So...what should I do? Do I call him on a bad attitude, or do I keep my mouth shut? What can I do to help him be a happier person in general? Sometimes the bad attitude is draining.


----------



## east2west (Oct 19, 2012)

He is being abusive to you.

Call him on his bad attitude. Do not tolerate it.

Don't keep your mouth shut. This is giving him what he wants.

You will have to train him to cut out the nasty attitude and it will take a while.

My wife and I can both be short tempered and irritable with each other at times. But we both call each other on it and don't tolerate. And we are both getting better with time.


----------



## dormant (Apr 3, 2012)

When I was with my first wife, the mother of my two sons, I recall acting similar to this. The thing is, I was having a EA, and just didn't want to be there with them.


----------



## Rowan (Apr 3, 2012)

My husband was frequently like this. I have years worth of memories of crying children, appalled silences from bystanders, and awkward apologies to family and friends following my husband causing some sort of scene such as you describe in the ornament store.
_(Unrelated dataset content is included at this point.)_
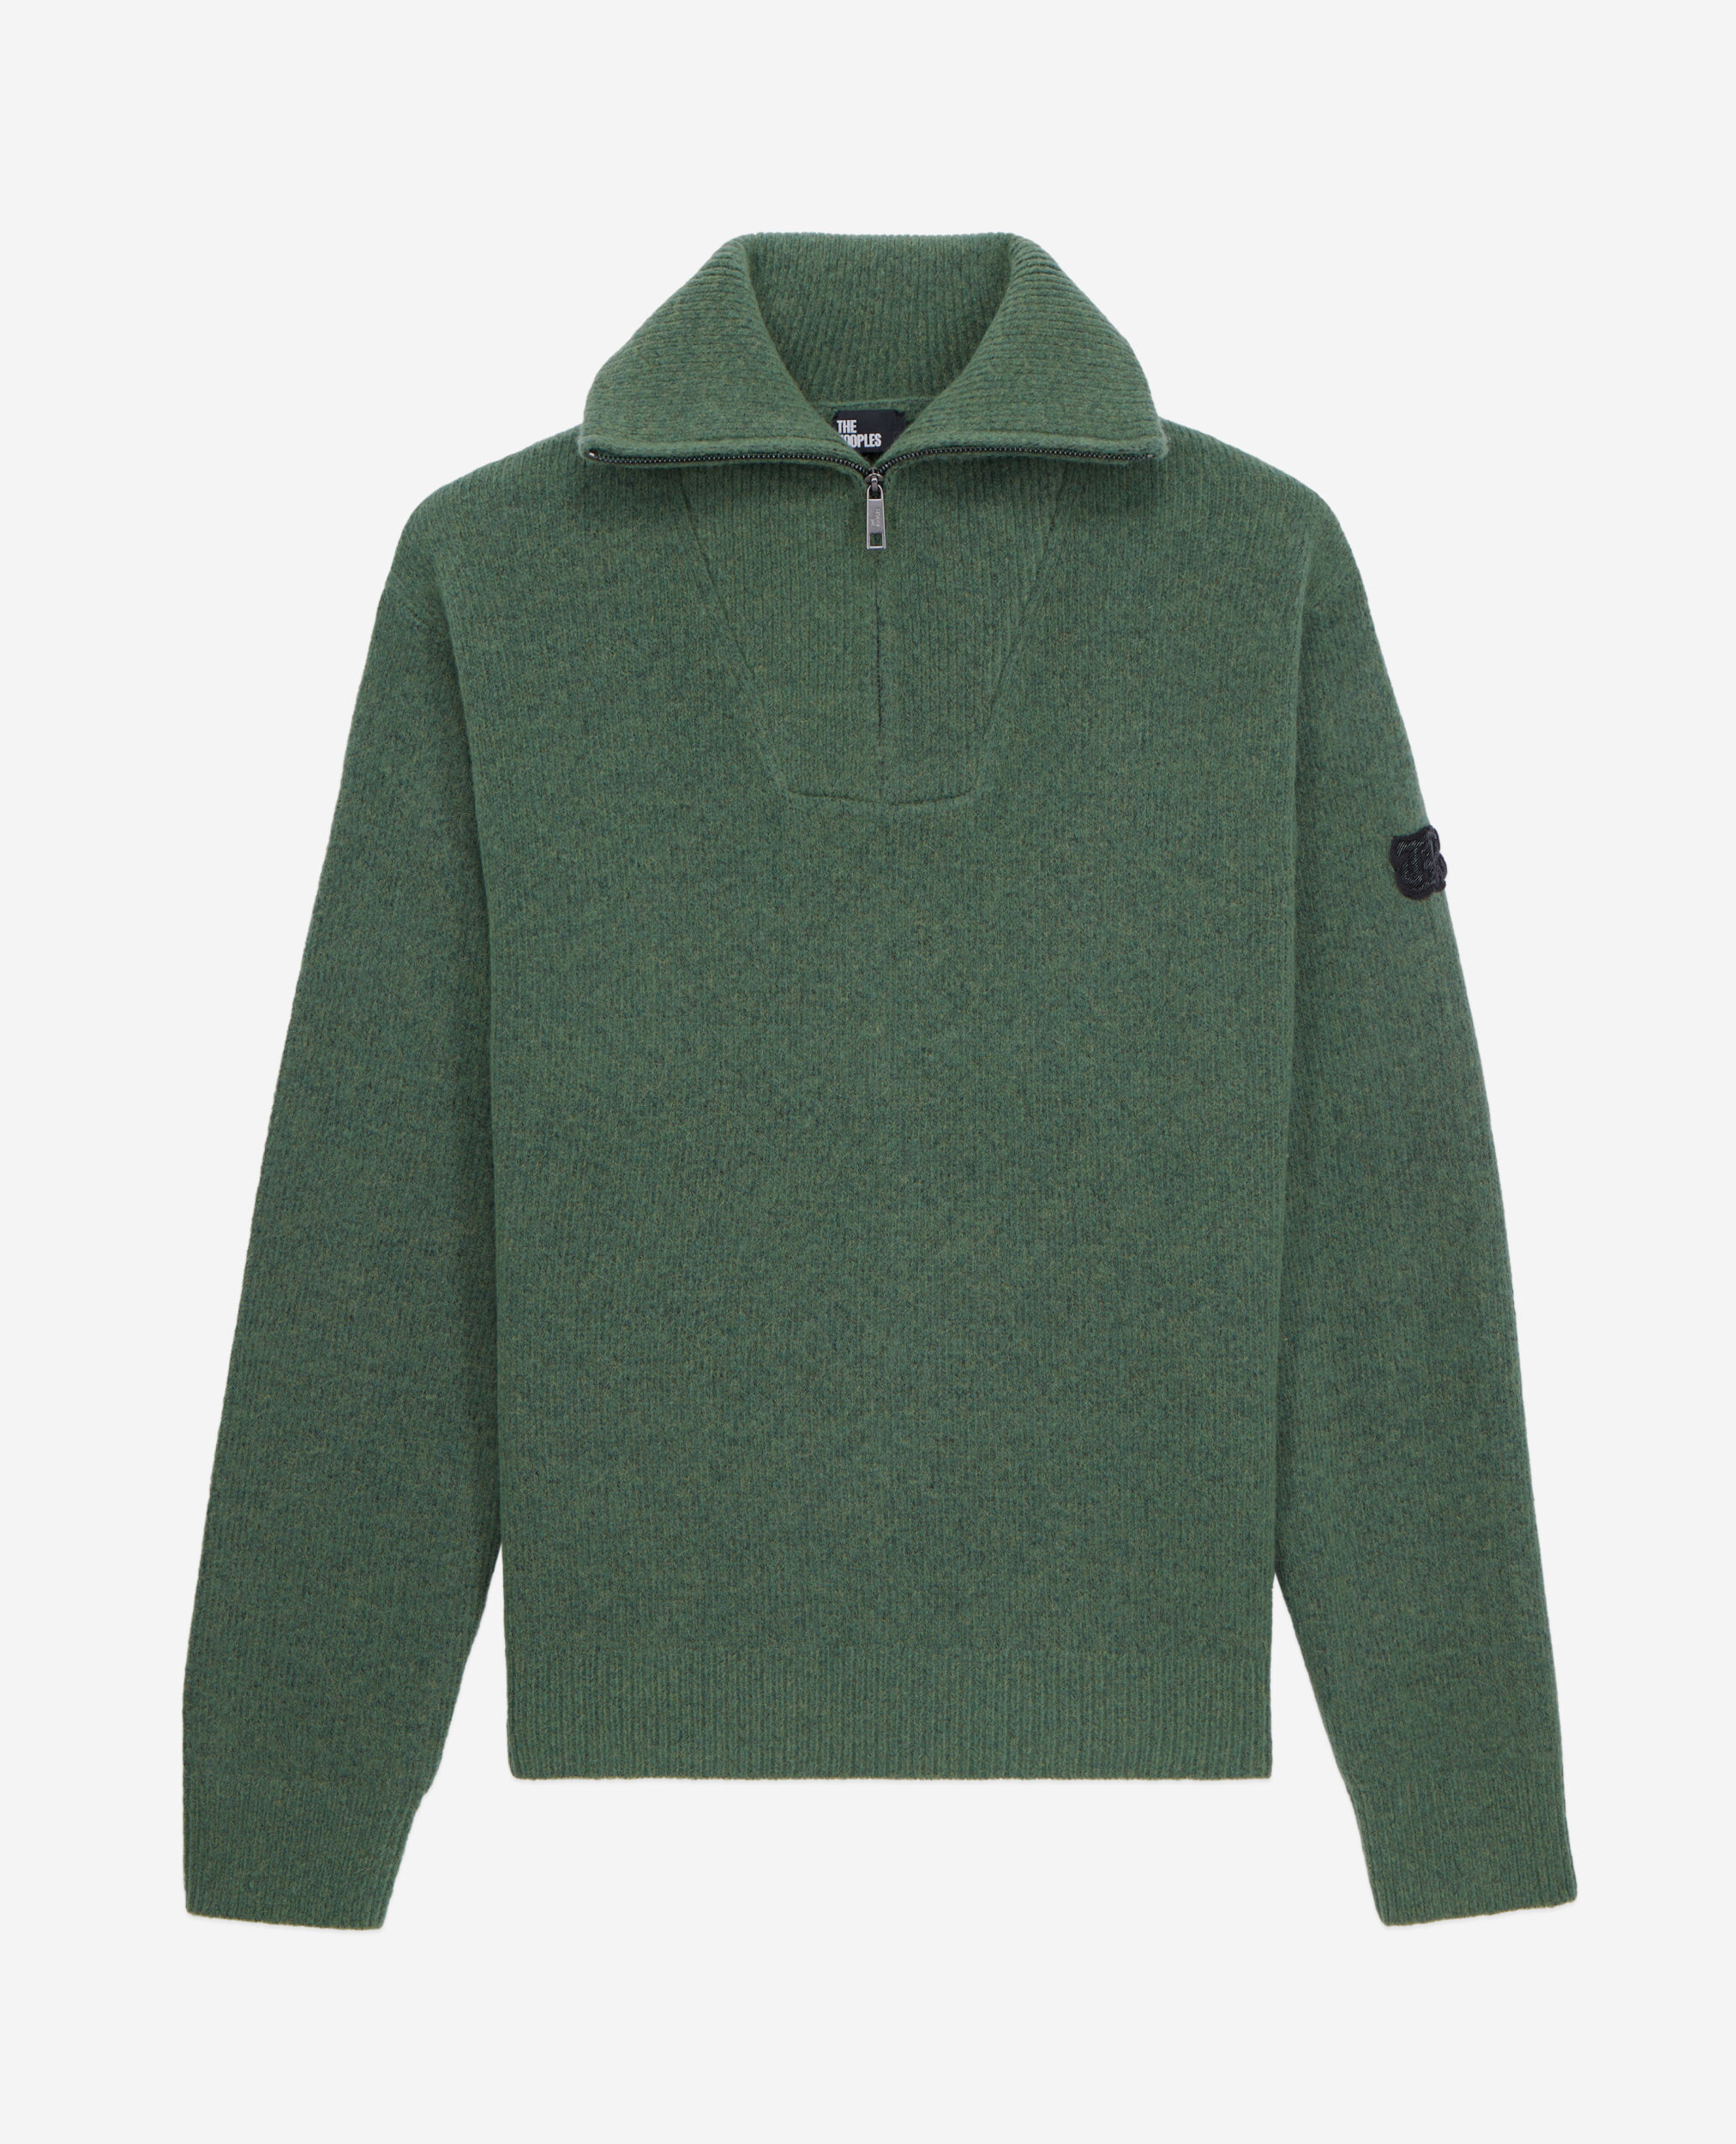 Grüner Pullover aus Wolle und Alpaka, FOREST, hi-res image number null

In his case, he wasn't getting the life he felt entitled to. At some point in his mind, I became the reason for that and he became actively engaged in perceiving me as the enemy. If there were a choice between giving me the benefit of the doubt about something and me being stupd/evil/wrong/hateful/the enemy, then I was the latter. Always. Even if it was irrational.

I remember once he blew up at me (full on screaming) for putting his insulated plastic cups in the microwave when I knew full well it would ruin them and was only doing it to be a b!tch to him. The problem was, that I had never microwaved those cups - hadn't even considered it. But in his mind, something was wrong (failing seals on the cups) so therefore I must be not only responsible for it, but actively being malicious. (Seriously, he thinks I'm out to get him and that all I can come up with is damaging the seals on some six year old Tervis mugs?!?! I wasn't sure whether to be more offended by his outburst or by the fact he obviously didn't think I could come up with anything more devious - and, you know, actually harmful - if I really were out to get him. Seriously?) Completely irrational. 
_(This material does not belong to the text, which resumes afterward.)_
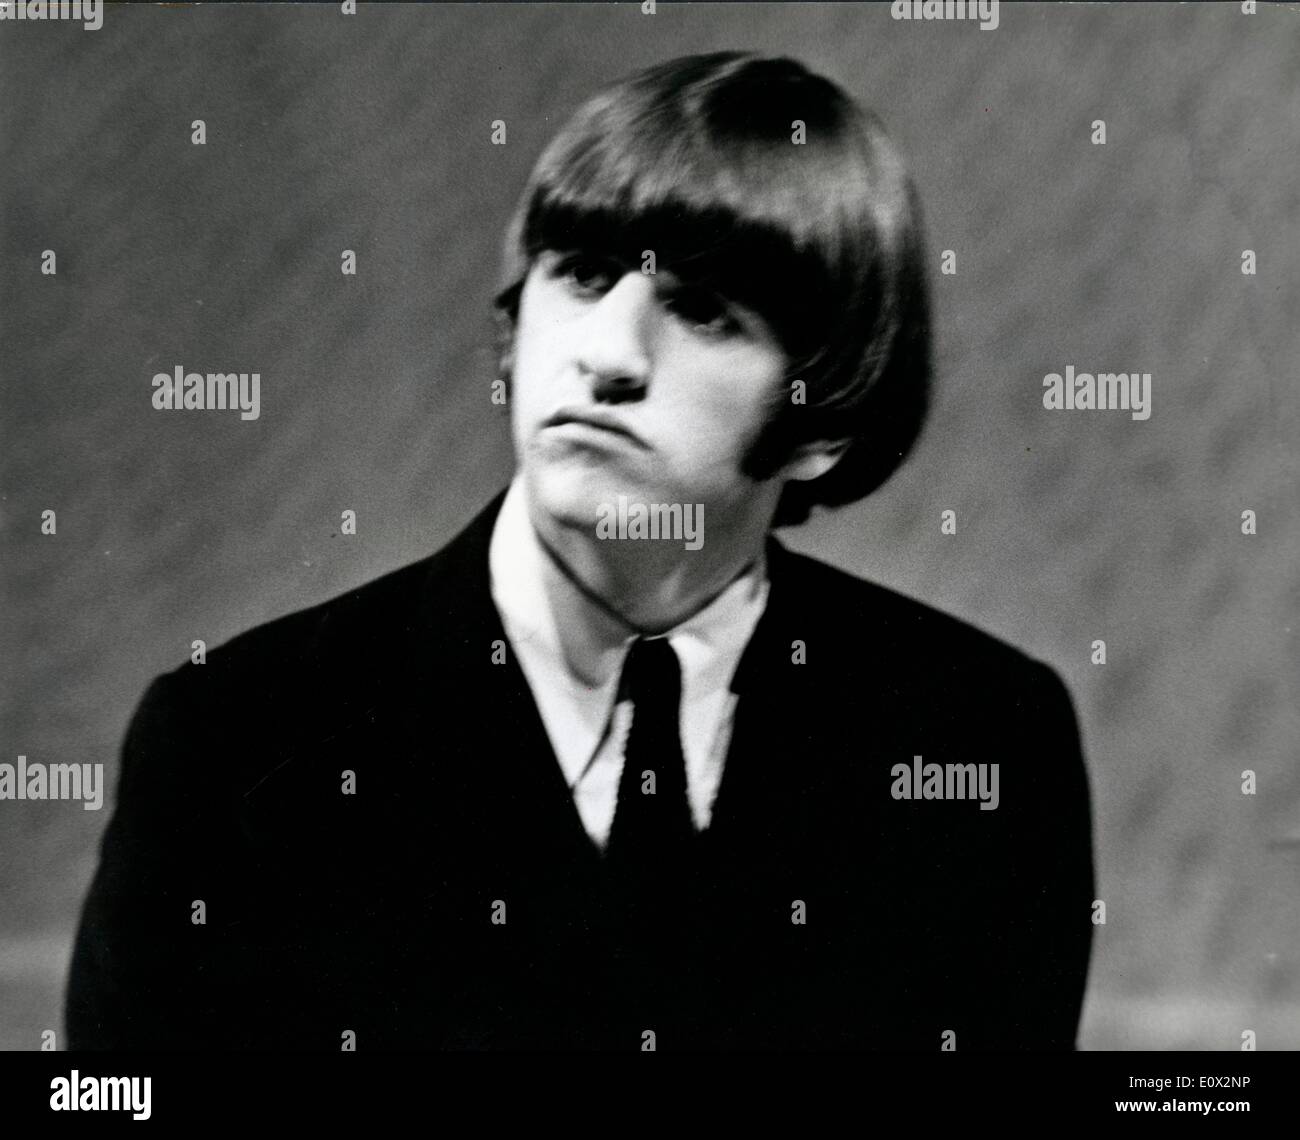 Mitglied der Beatles Ringo Starr in Anzug und Krawatte Stockfotografie -  Alamy

And yes, he was having an affair the entire time.


----------



## kag123 (Feb 6, 2012)

Yikes. My H has never gone as far as to accuse me of doing things maliciously. Although, he does speak down to me as if I am stupid or careless at times.

He's not like this 100% of the time, FTR. 

I don't know how he would be carrying out any kind of affair. We share phones and computers and we are together 24/7. He's never off on his own doing anything wierd and he works in an office that is 100% male (seriously...not a single female).
_Posted via Mobile Device_


----------



## CanadianGuy (Jun 17, 2012)

Do you spend time together away from the children? 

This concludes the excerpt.